Friday, August 13, 2010

THE PIANIST (2002)

“I always knew that one day I would make a film about this painful chapter in Polish history, but I did not want it to be based on my own life. As soon as read the first chapter of Wladyslaw Szpilman’s memoirs, I instantly knew that The Pianist would be the subject of my next film. I knew how to tell it. It was the story I was seeking; in spite of horror it is a positive account, full of hope. I survived the bombing of Warsaw and the Cracow ghetto and wanted to recreate those childhood visions. It was also important for me to stick as close to the truth as possible and avoid Hollywood style make-believe. I never have done, and don’t intend to do, anything autobiographical, but making ‘The Pianist’, I could use the experiences I went through.”
Roman Polanski

Polanski’s this masterpiece is undoubtedly tribute to his homeland and the time which brought chaos to Poland. Movie opens in 1939 Nazi-German occupation of Warsaw and we witness a gifted Jew pianist Szpilman playing Chopin on piano amid chaos and bombardment outside. A sudden blast broke the window and next we witness the horror of war where Szpilman and his Jewish family have to bear the burden of surviving in hard times without money, food, water and home. They have to survive in fenced and walled jewish ghettoes where any moment German Gestapo shoot them for no reason at all. Luckily it’s the pianist who survives with help of few jewish friends and a german officer.

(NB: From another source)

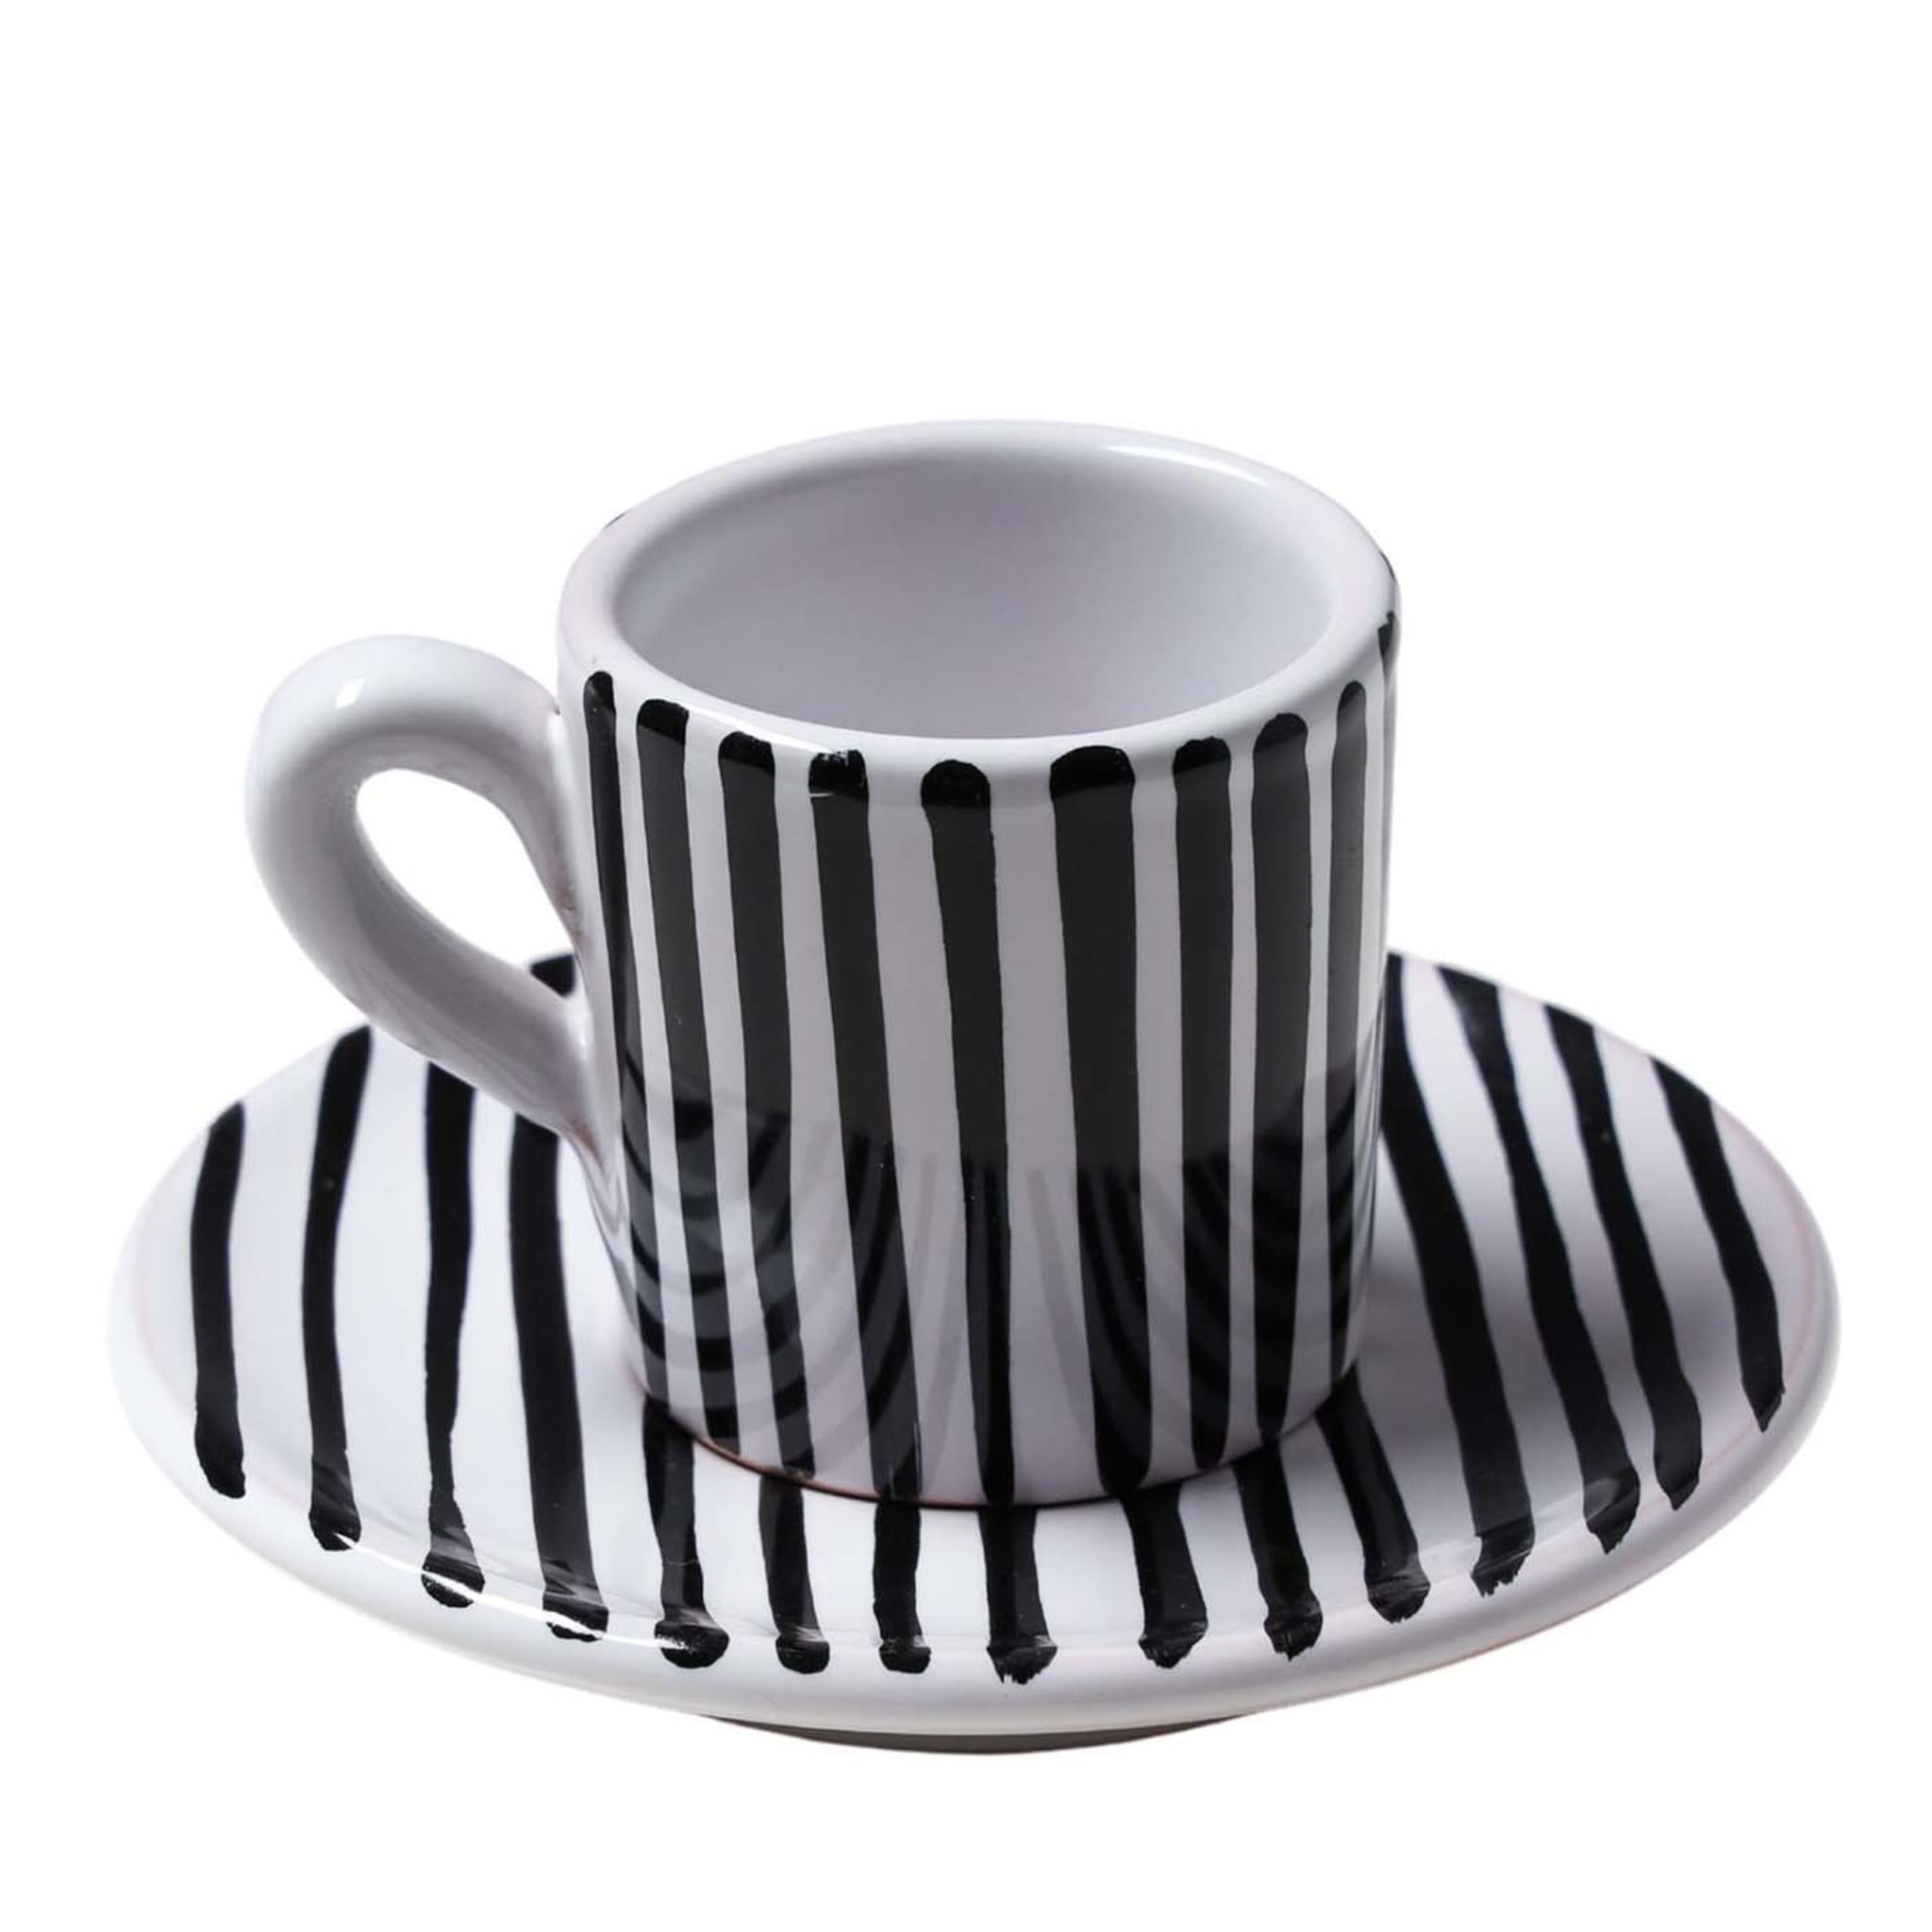 Set of 6 Black and White Stripe Espresso Cups - Main view
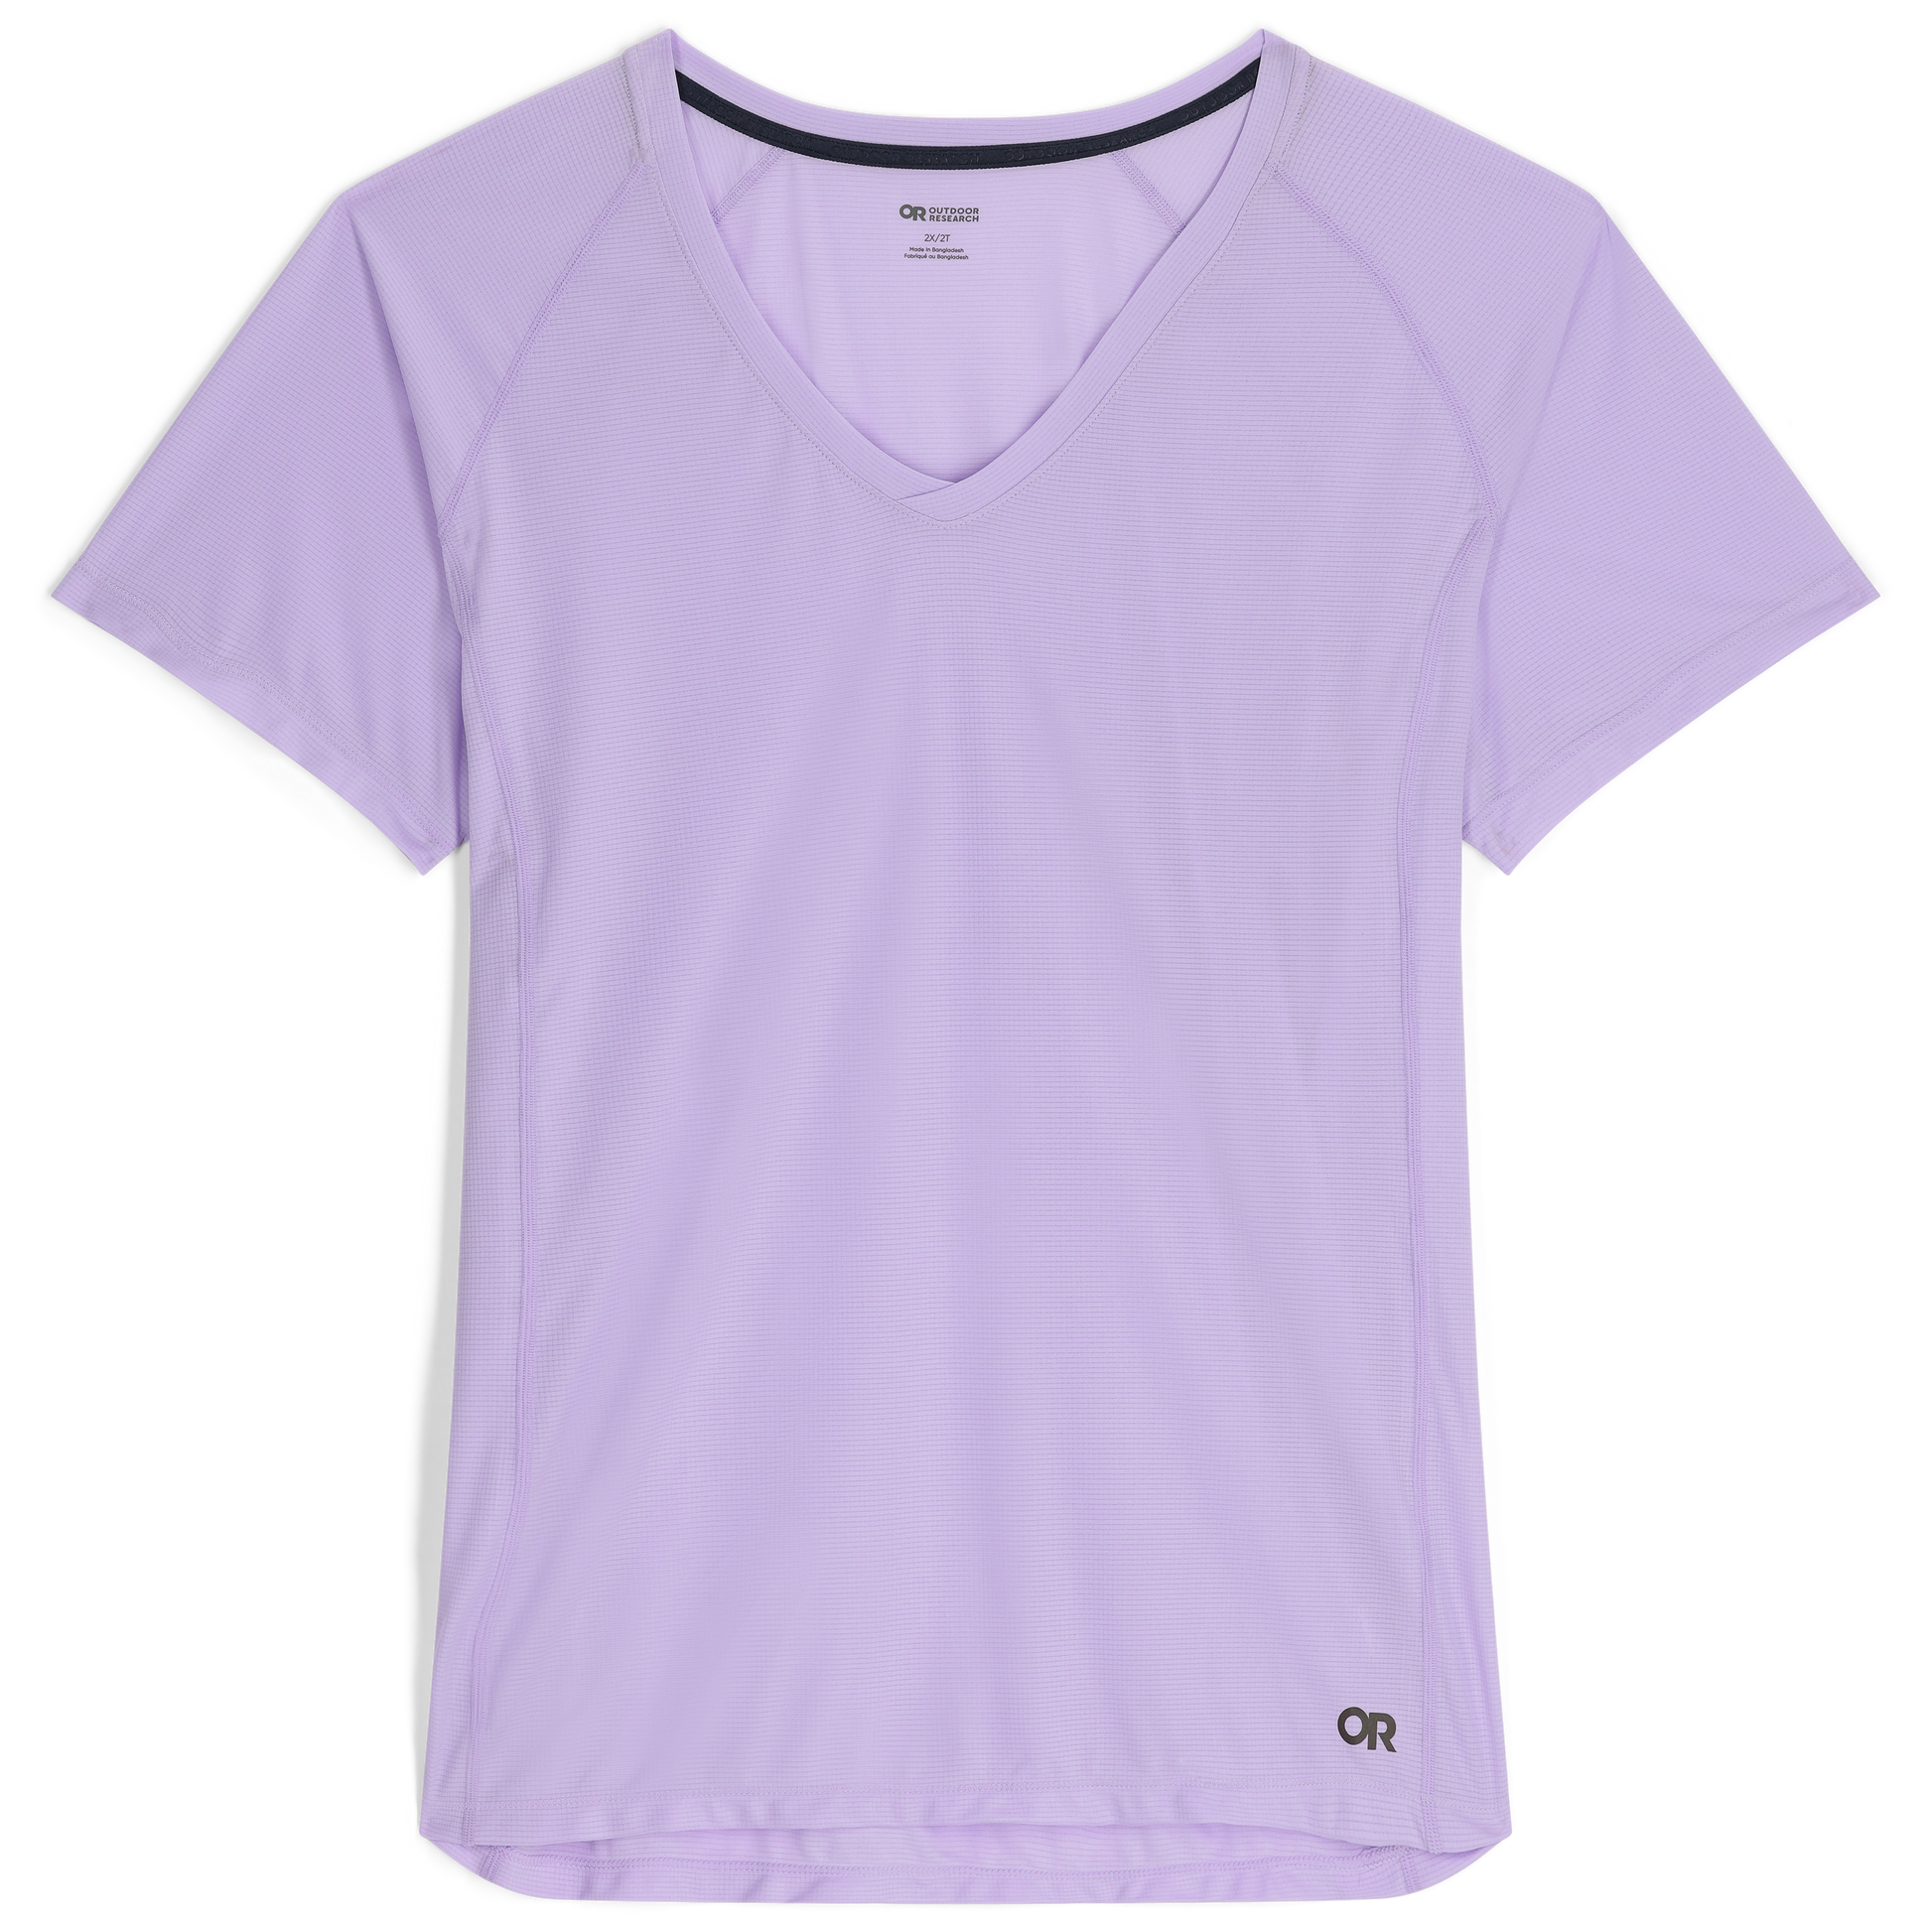 Tee-shirt respirant femme ECHO WOMAN rhubarb Outdoor Research - Montania  Sport

The film has many scenes reminds you Neo-Realist Italian cinema of De Sica. Polanski abstained putting his personal comment on any particular angle on holocaust, shows us the general picture with a man who is witnessing the physical, psychological and existential chaos all around him and yet luckily survives. Its Polanski’s detailing of war’s horror at personal and general level which makes it a fine human document of war-drama. However at the same time, it’s very unusual Polanski film hardly bears any resemblance with his earlier films in theme and treatment and yet he managed to make a film with all possible humanity like his personal story.

The film is shot brilliantly by Pawel Edelman and there are many scenes which stays in memory-i.e one where Szpilman witnessed the exterminated other half of ghetto watching the ruined buildings all around. Adrien Brody’s restraint act is his best till day and surely deserves a trophy of Best actor that year. He maintained the individual part but his artistic stand remained totally absent throughout the film until the few last minutes when he plays piano on insistence of a German officer. But that was moment and I don’t regret much when I see the rolling titles. No film compels you to pay your ears and eyes as ending titles starts rolling on screen but surprisingly Polanski made us felt the power and the magic of music till the last ending title.

Undoubtedly a great film which pays Polanski his long due Oscar trophy of Best Director but still I firmly believed that he deserved it more for ‘Chinatown’ than this most popular one.